§ **Supplied data**:
= Beginning of Section =
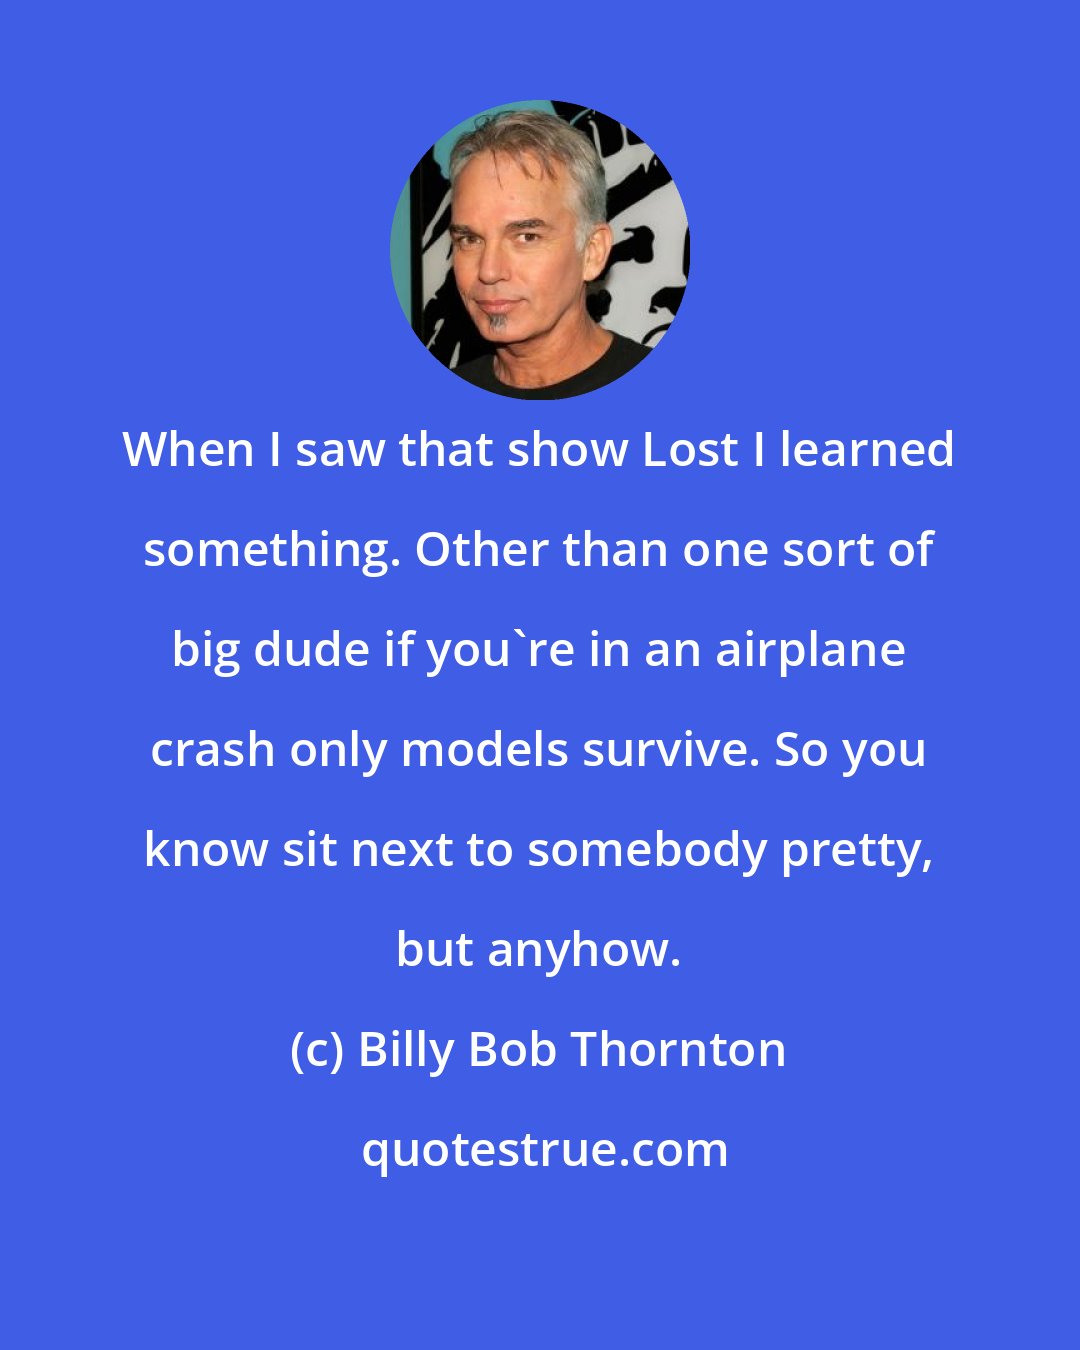 Billy Bob Thornton: When I saw that show Lost I learned something. Other than one sort of big dude if you're in an airplane crash only models survive. So you know sit next to somebody pretty, but anyhow.
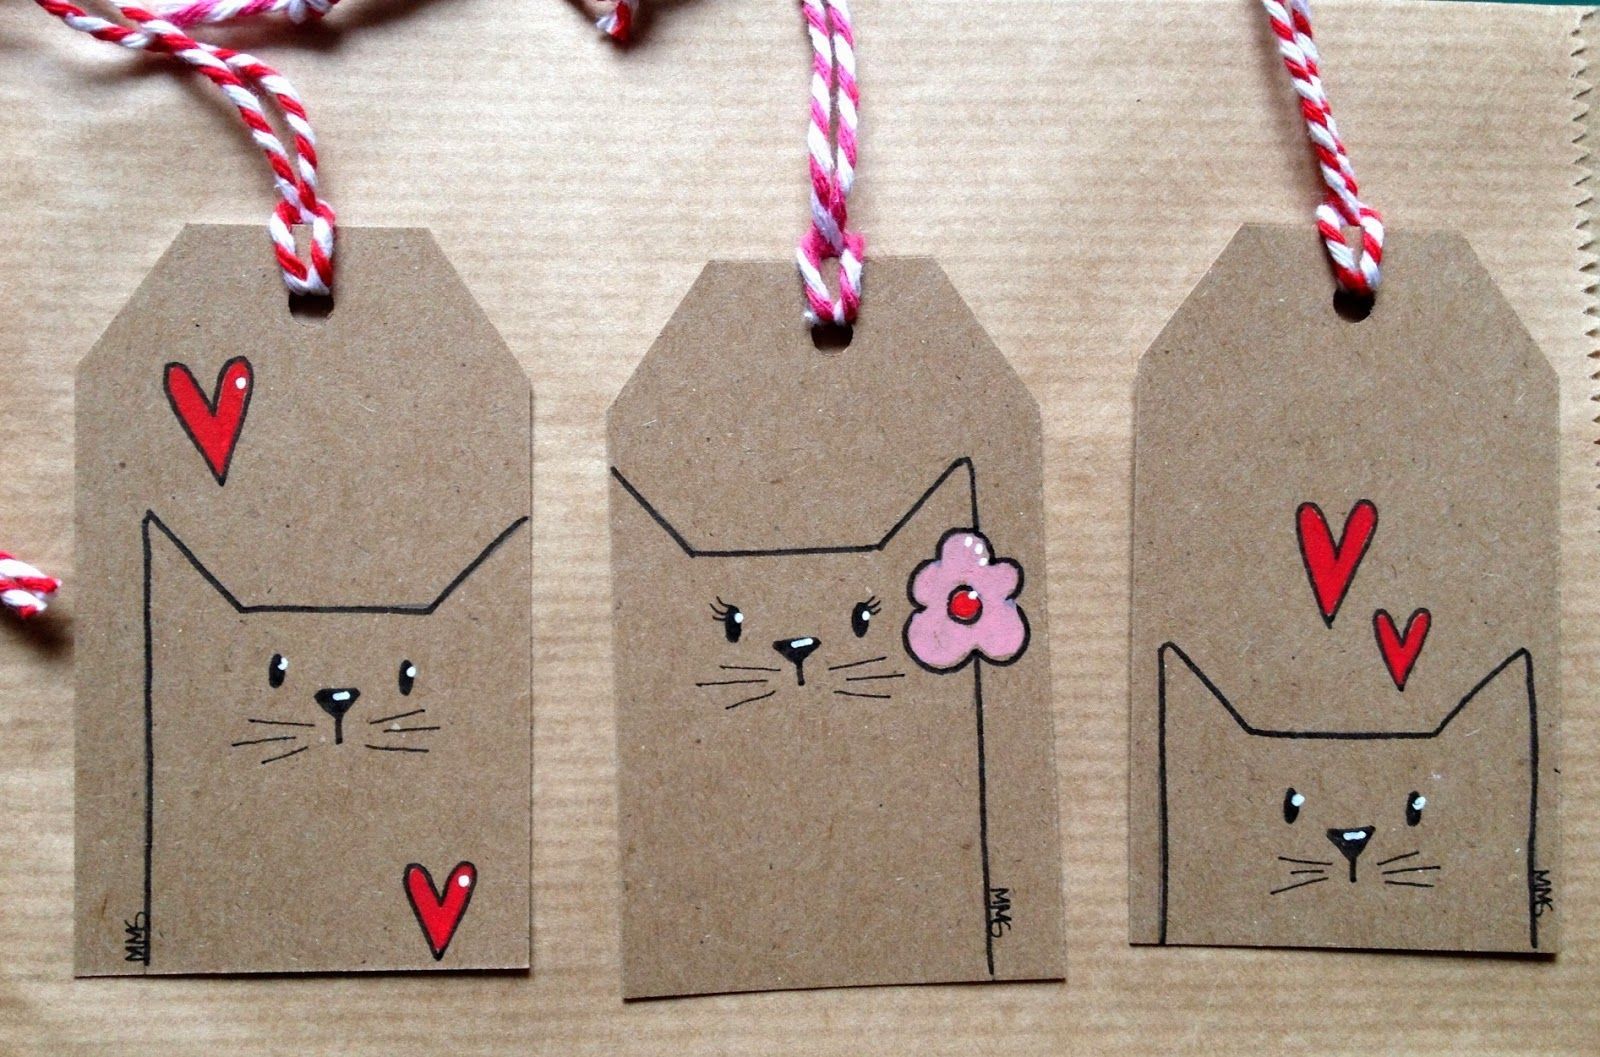 Simple little cat tags – I love the black lines and minimal color
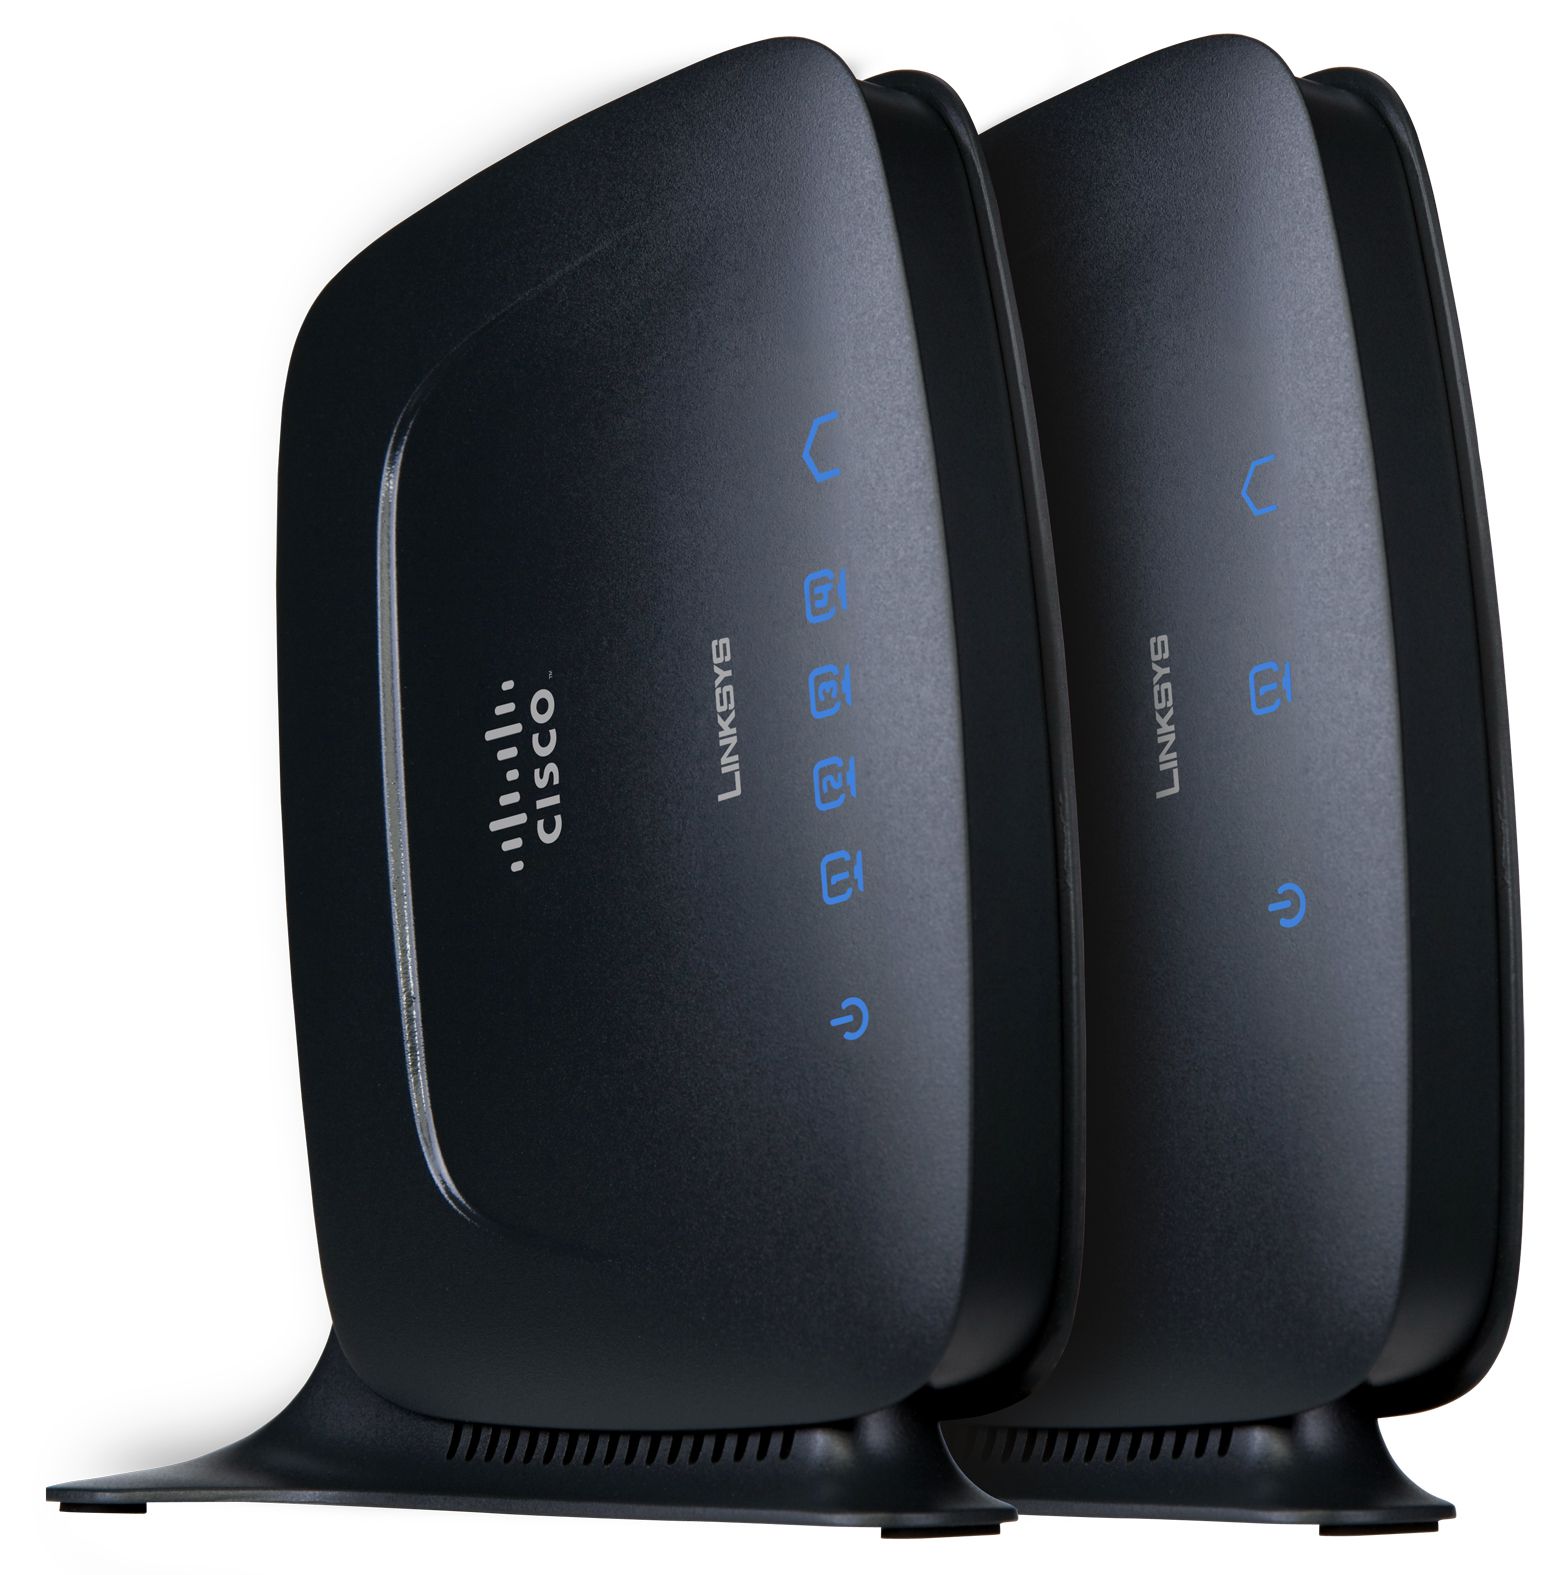 Linksys easylink connect download
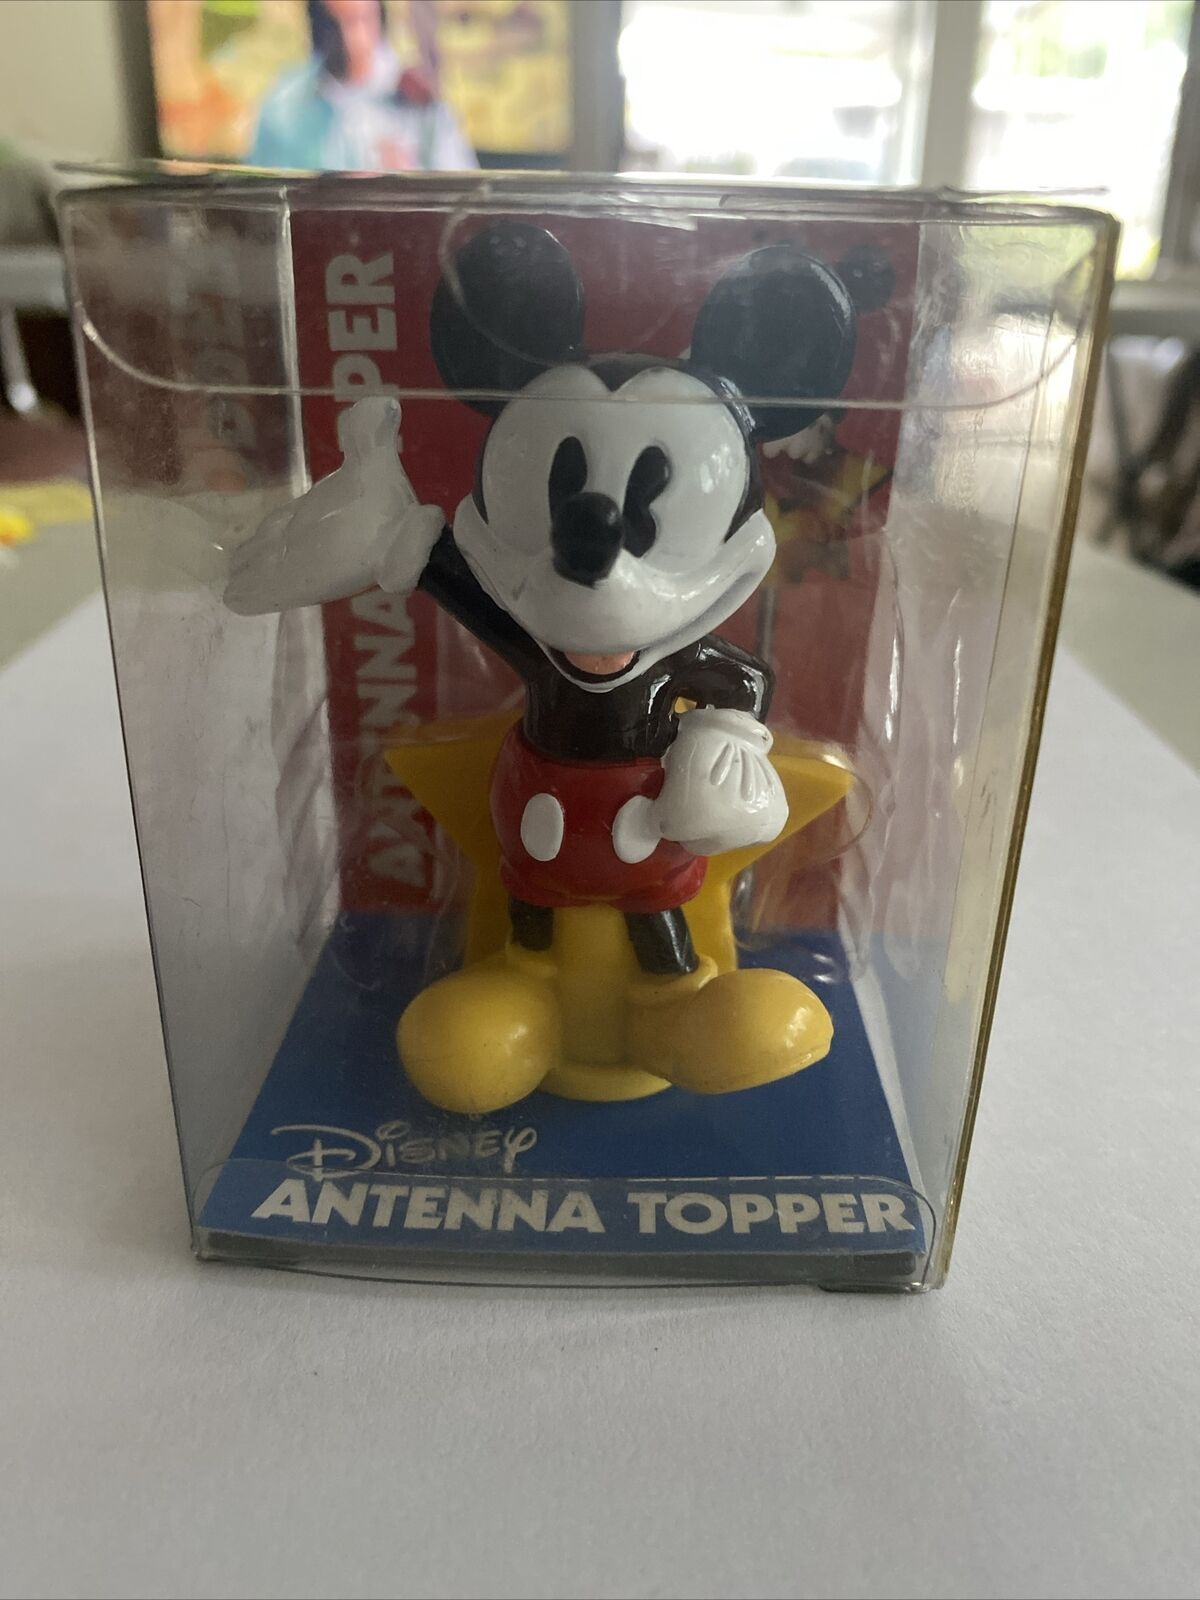 WDW Disney Mickey Mouse Antenna Topper Ornament
= End of Section =
§ **About this exercise**:
The answer should be the full material above, printed exactly, with no pictures in it.

§ **Task answer**:
 Billy Bob Thornton: When I saw that show Lost I learned something. Other than one sort of big dude if you're in an airplane crash only models survive. So you know sit next to somebody pretty, but anyhow.
 Simple little cat tags – I love the black lines and minimal color
 Linksys easylink connect download
 WDW Disney Mickey Mouse Antenna Topper Ornament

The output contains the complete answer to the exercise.